One simple thing we can do is cap the values we want. Let’s say between 0 and 1? This would make all loss finite, but now we have the issue of what happens when the network overshoots. Let’s say it outputs (5,1) for (leaf,flower) in one case, and (0,1) in another. The first case made the right choice but the loss is worse! Ok, so now we need a way to also convert the outputs of the last layer in (0,1) range so that it preserves the order. We could use any function (a “function” in mathematics is simply a mapping of one number to another — in goes one number, out comes another — it’s rule based in terms of what will be output for a given input) here to get the job done. One possible option is the logistic function (see graph below) which maps all numbers to numbers between (0,1) and preserves the order: 

Image by author 

Now, we have a number between 0 and 1 for each of the neurons in the last layer and we can calculate loss by setting the correct neuron to 1, others to 0 and taking the difference of that from what the network provides us.

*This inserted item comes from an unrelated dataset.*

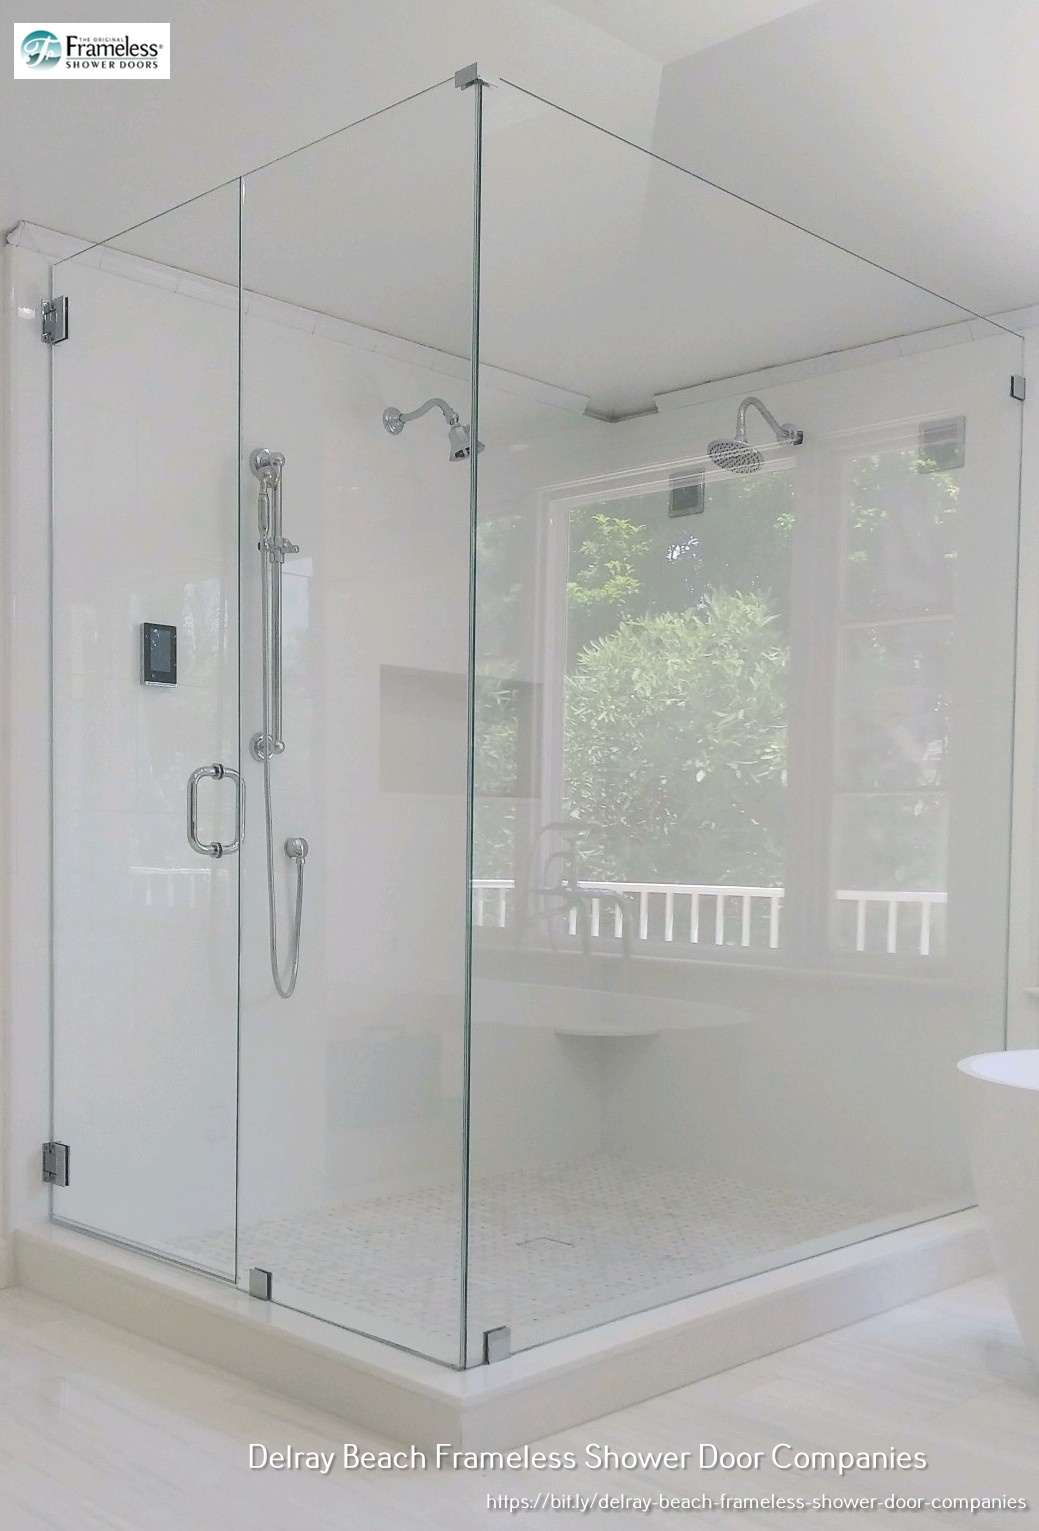 The Original Frameless Shower Doors States the Benefits of Custom Glass Shower Doors

This will work, but can we do better? 

Going back to our “Humpty dumpty” example, let’s say we are trying to generate dumpty character-by-character and our model makes a mistake when predicting “m” in dumpty. Instead of giving us the last layer with “m” as the highest value, it gives us “u” as the highest value but “m” is a close second. 

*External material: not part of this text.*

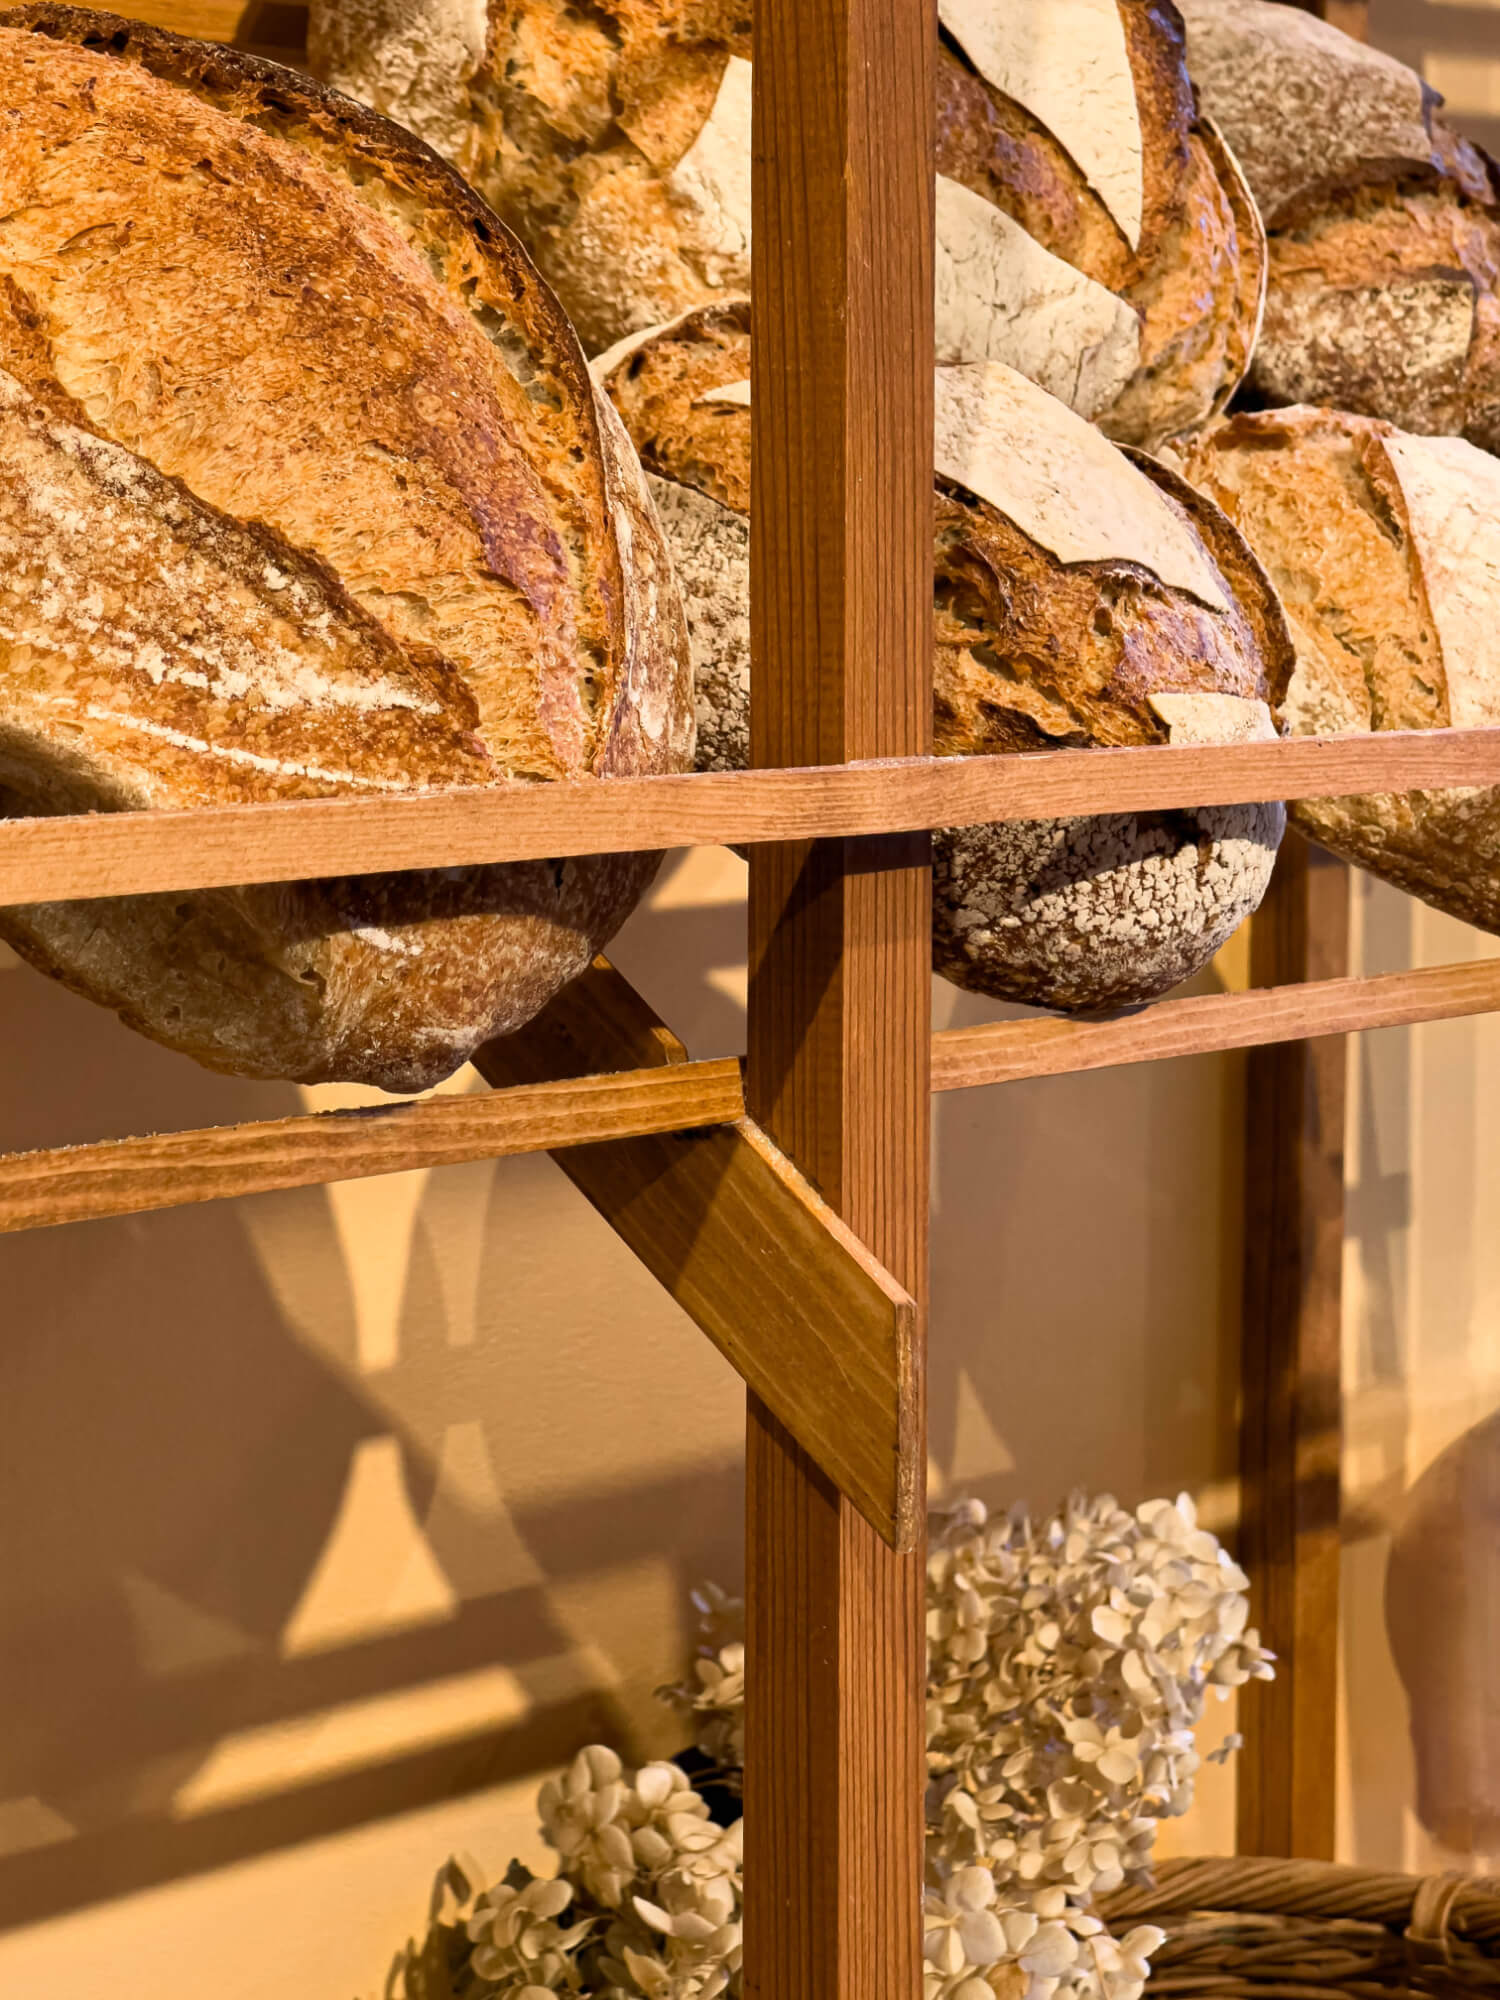 bread MOF - Shelves

Now we can continue with “duu” and try to predict next character and so on, but the model confidence will be low because there are not that many good continuations from “humpty duu..”. On the other hand, “m” was a close second, so we can also give “m” a shot, predict the next few characters, and see what happens? Maybe it gives us a better overall word? 

So what we are talking about here is not just blindly selecting the max value, but trying a few. What’s a good way to do it? Well we have to assign a chance to each one — say we will pick the top one with 50%, second one with 25% and so on. That’s a good way to do it. But maybe we would want the chance to be dependent on the underlying model predictions. If the model predicts values for m and u to be really close to each other here (compared to other values) — then maybe a close 50–50 chance of exploring the two is a good idea? 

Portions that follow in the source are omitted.